A vulnerability has been identified within Rancher Manager, where using self-signed CA certificates and passing the -skip-verify flag to the Rancher CLI login command without also passing the –cacert flag results in the CLI attempting to fetch CA certificates stored in Rancher’s setting cacerts.
This vulnerability carries a HIGH severity rating with a CVSS v3.1 score of 8.3, indicating it can be exploited remotely over the network but requires specific conditions to be met though user interaction is required and does not require pre-existing privileges . The vulnerability impacts confidentiality (data exposure), integrity (unauthorized modifications), and availability (service disruption) for affected systems. Impacting 1 product from suse organizations running these solutions should prioritize assessment and patching.

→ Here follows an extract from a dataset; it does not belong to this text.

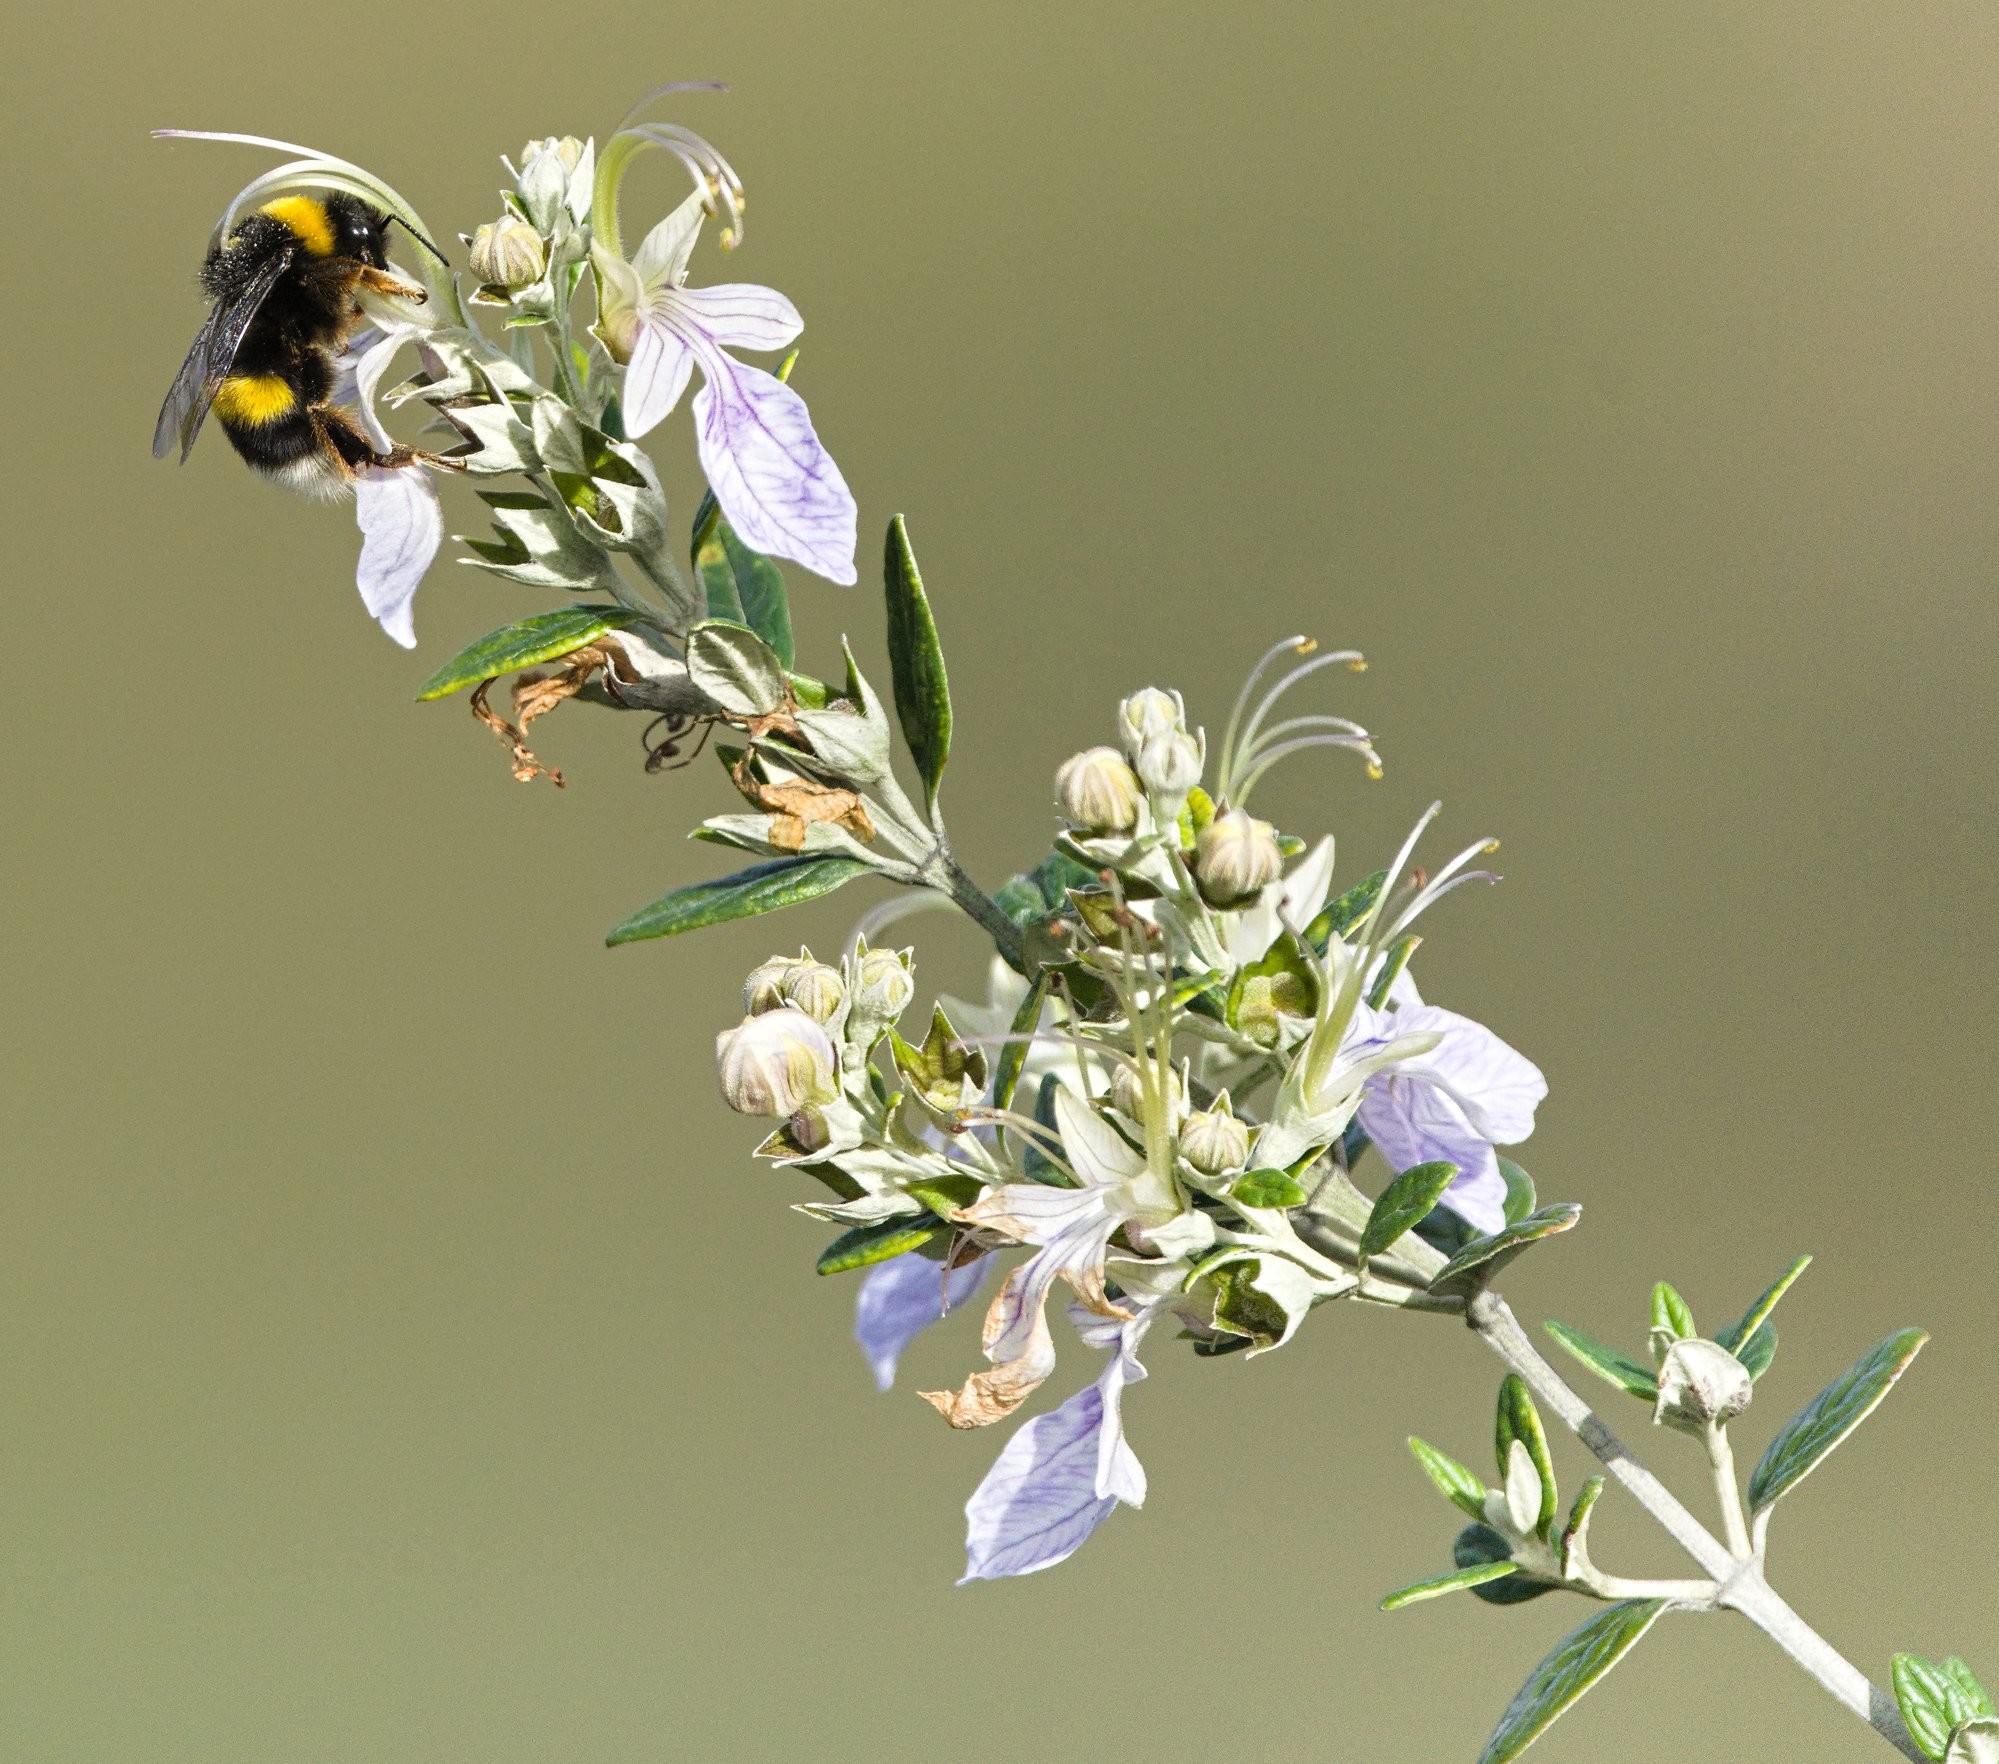 A picture of a yellow and black bumblebee with a white bottom pollinating a flower. The bee is in the top right of the picture. The plant I believe to be Teucrium fruticans or similar!

Reported in 2026, this vulnerability emerged during an era marked by increased sophistication in supply chain attacks, cloud infrastructure vulnerabilities, and software-as-a-service (SaaS) security challenges. Security practices during this period emphasized zero-trust architectures, container security, and API protection.
2026-02-25T11:16:02.643
2026-03-03T16:26:32.240
Analyzed
CVSSv3.1: 8.3 (HIGH)
| Type | Vendor | Product | Version/Range | Vulnerable? |
|---|---|---|---|---|
| Application | suse | rancher | < 2.10.11 | Yes |
| Application | suse | rancher | < 2.11.10 | Yes |
| Application | suse | rancher | < 2.12.6 | Yes |
| Application | suse | rancher | < 2.13.2 | Yes |
SecUtils normalizes and enriches National Vulnerability Database (NVD) records by standardizing vendor and product identifiers, aggregating vulnerability metadata from both NVD and MITRE sources, and providing structured context for security teams. For suse's affected products, we extract Common Platform Enumeration (CPE) data, Common Weakness Enumeration (CWE) classifications, CVSS severity metrics, and reference data to enable rapid vulnerability prioritization and asset correlation. This record contains no exploit code, proof-of-concept instructions, or attack methodologies—only defensive intelligence necessary for patch management, risk assessment, and security operations.